Ad Hoc, with all due respect I know how to get the volume that's why I was able to come up with the equation. The problem is, I dont have the drafts for bow & stern and the water line nor the freeboard.

[liki]

The question should be to decide the dimensions in a way that produces the required displacement for the submerged portion and fulfills other requirements given, right?

[lady pirate]

Something like that liki... they are following a 10% of total weight rule = displacement, then everything is a trial and error basis already. I've been reading since last week and I have not come across about the 10% thing. I just want to make sure that I will be producing an effective spreasheet, not a trial & error one that is why I asked if there is a rule of thumb or any standards regarding the weight-displacement relationship or a standard for draft-hull height.

[JRMacGregor]

Hi Lady Pirate

A statement like "displacement should be ten percent of the weight" does not make sense.

Maybe what your bosses are saying is that "the light weight of the barge is ten percent of the total volume of the barge"

That is a reasonable rule of thumb - if worded a little incorrectly. For example if your barge was 10m deep x 30m wide and 60m long it would have a total volume of 18,000m3. The self weight (light weight) could be in the region of 1,800 tonnes. That is the only way the 10% "rule" makes sense.

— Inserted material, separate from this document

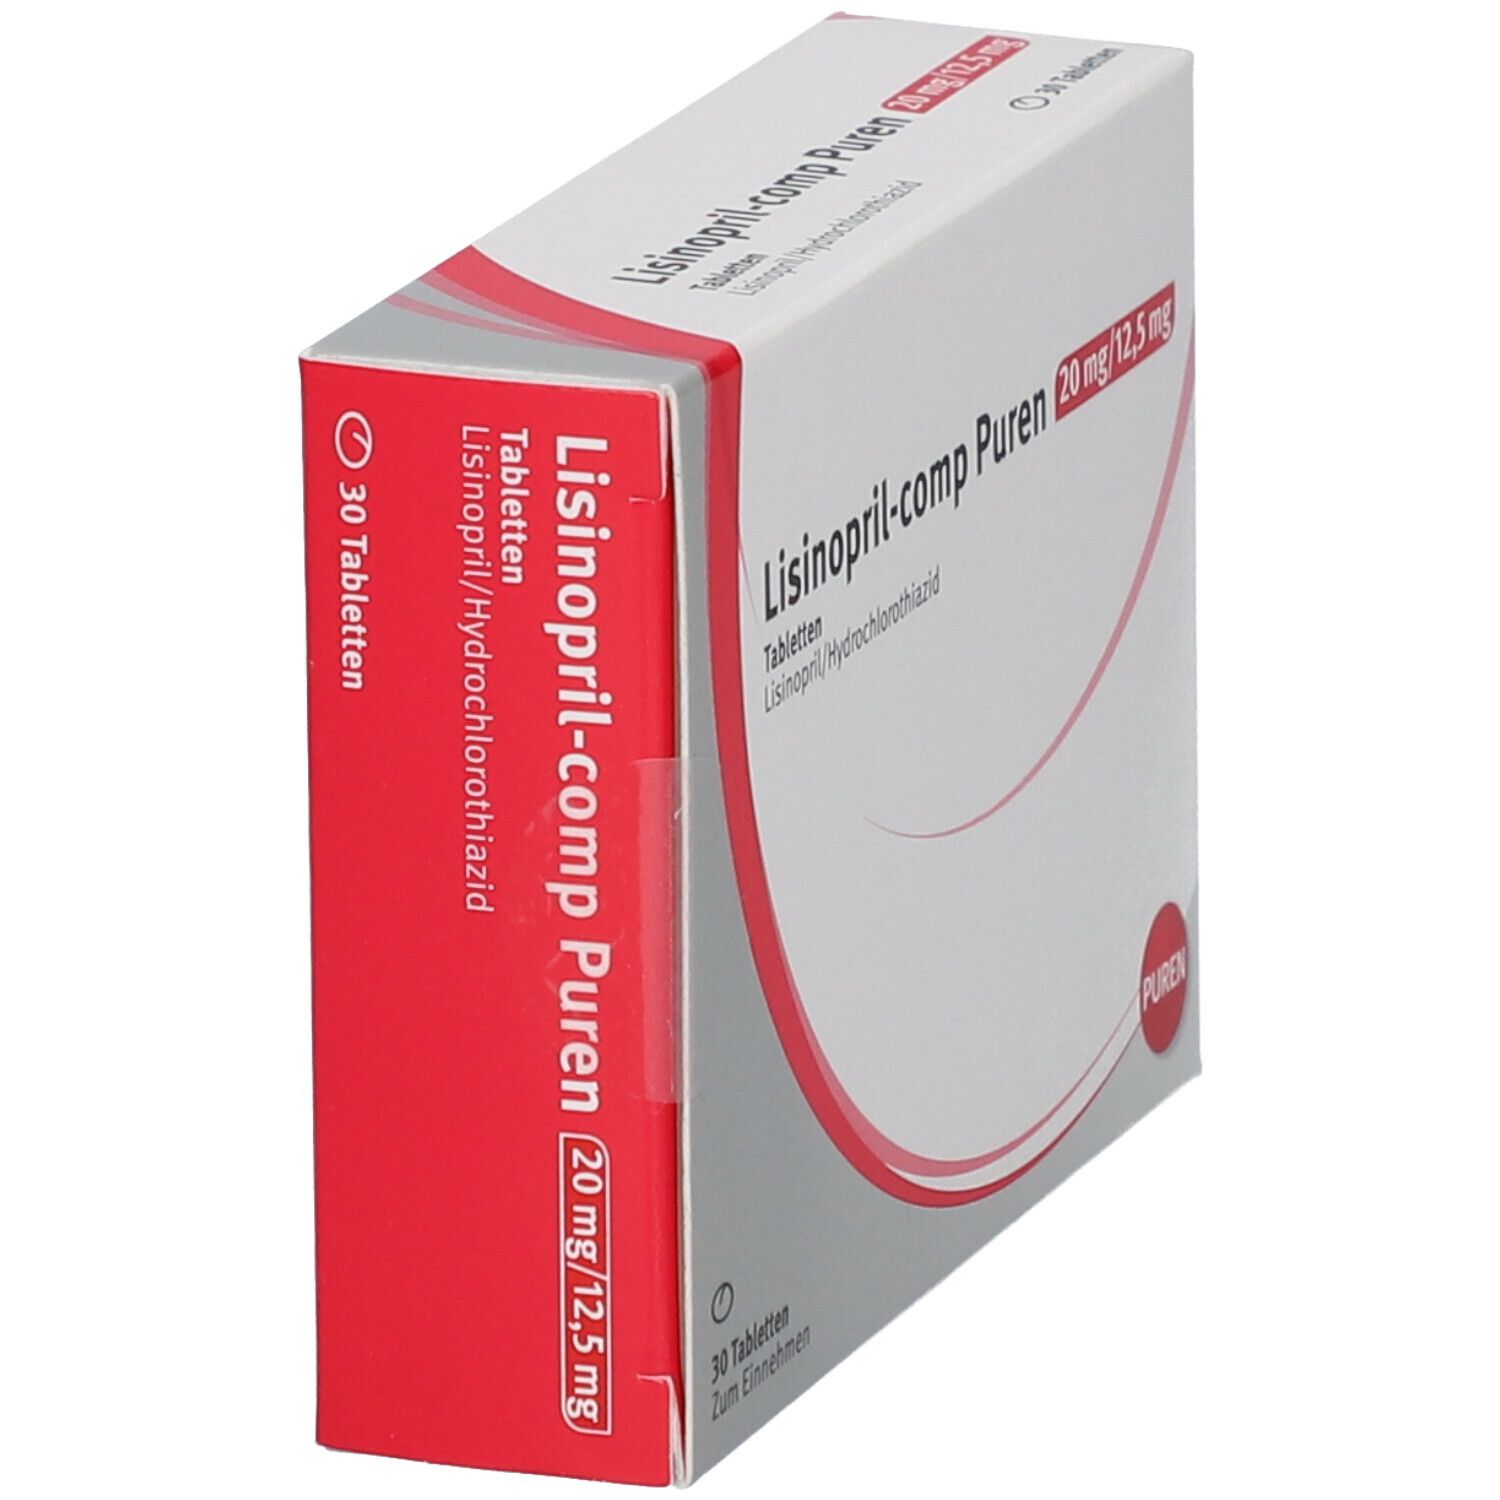 Lisinopril-comp PUREN 20 mg/12,5 mg

Then you need to get back to your original problem. How deep will it float ?

If your barge was really a cuboid and really did weigh 1800 tonnes when empty it would float in fresh water at a draught of 1m because 60 x 30 x 1 = 1800 cubic metres. And Archimedes tells us weight = displaced mass.

If you load your barge with stuff it will of course be heavier and will float deeper.